You are everywhere and nowhere. All around this new house are pieces of you, objects filled with memories. But I can’t find you anywhere, you’re gone; for now and forever. I can’t escape your death.
It’s hard to feel anything; with the exception of love for Magnus. Without him I wouldn’t care at all, about any of it.
I go thru the motions of life. I don’t know what to do with myself some days, some hours, some moments. I get lost in the emptiness; other times I can set it aside.
I can’t decided what to watch on Netflix. I start shows and stop them half way thru; I don’t care what happens.

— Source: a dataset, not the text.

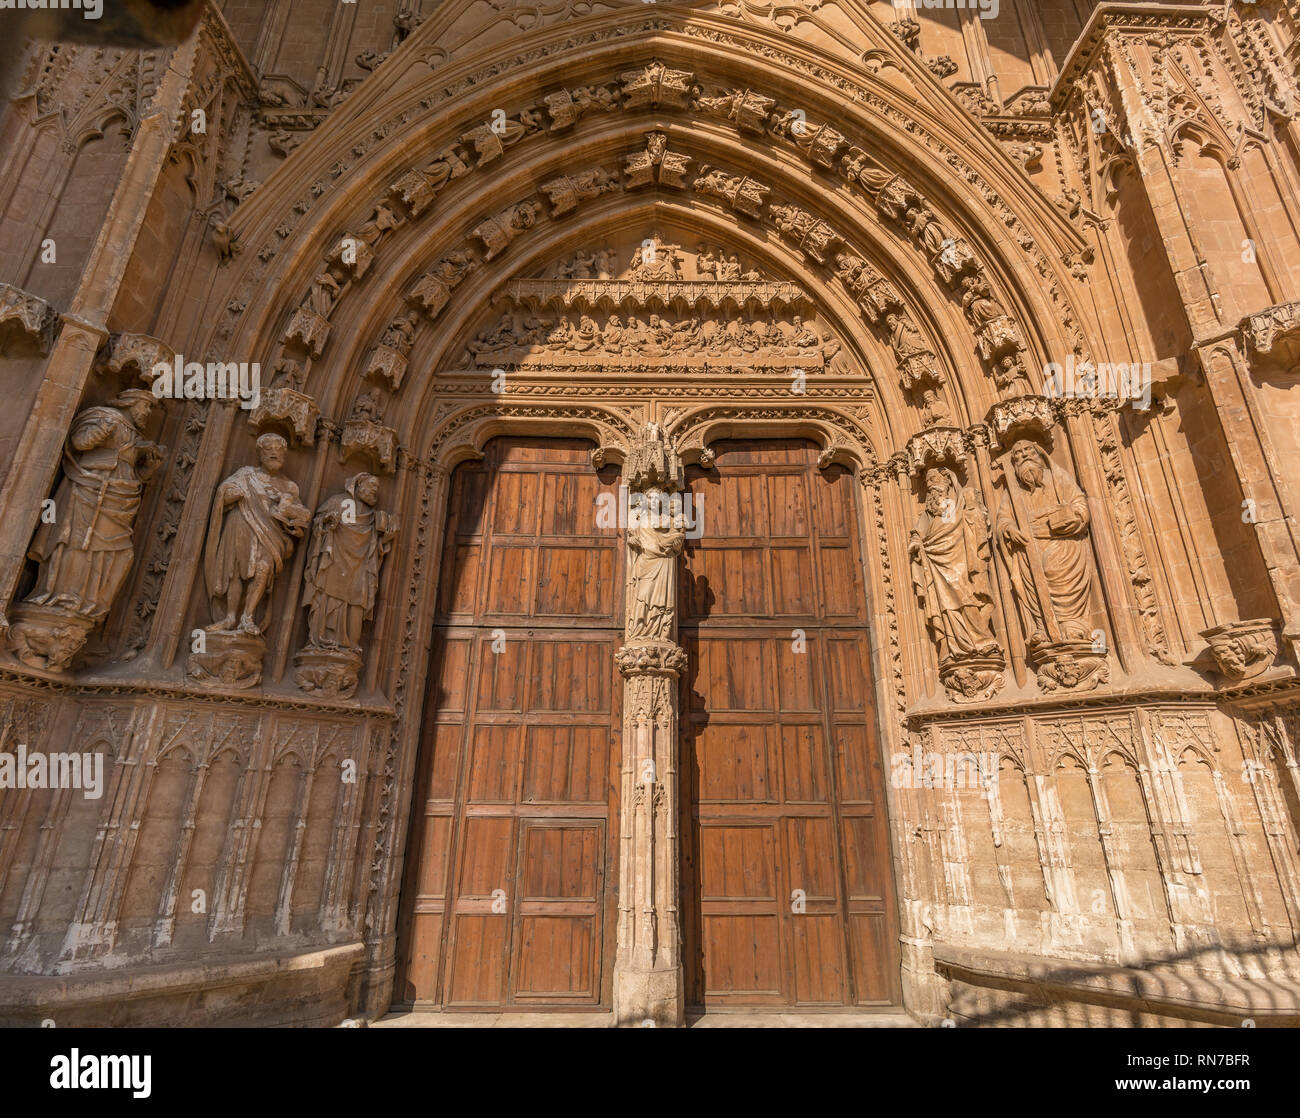 Puerta puerta de entrada de la catedral de Mallorca (La Seu), de la  catedral gótica de Palma de Mallorca. Mallorca, Islas Baleares, España  Fotografía de stock - Alamy

I finished a library book today and I feel lost, what am I supposed to do now? All the other books I have are about widowhood or grieving children; I’m tired of dealing with death.
It’s only been 3 months and 7 days since you died; never-ending and lost 3 months and 7 days. The 18th of every month will signify a length of time since your death. And the 18th of January was the birth of our son; he will turn 4 and you will have been dead for 10 months.
I should find a sitter for Magnus for a few hours a week and do something on my own. But I don’t know what to do by myself. All I can picture myself doing is driving down country roads, clutching the wheel and wailing as I wait to return home.
I need to propel myself forward, find a knitting class, find any class to get me out on my own. I’d never thought that I could possibly be this scared of life.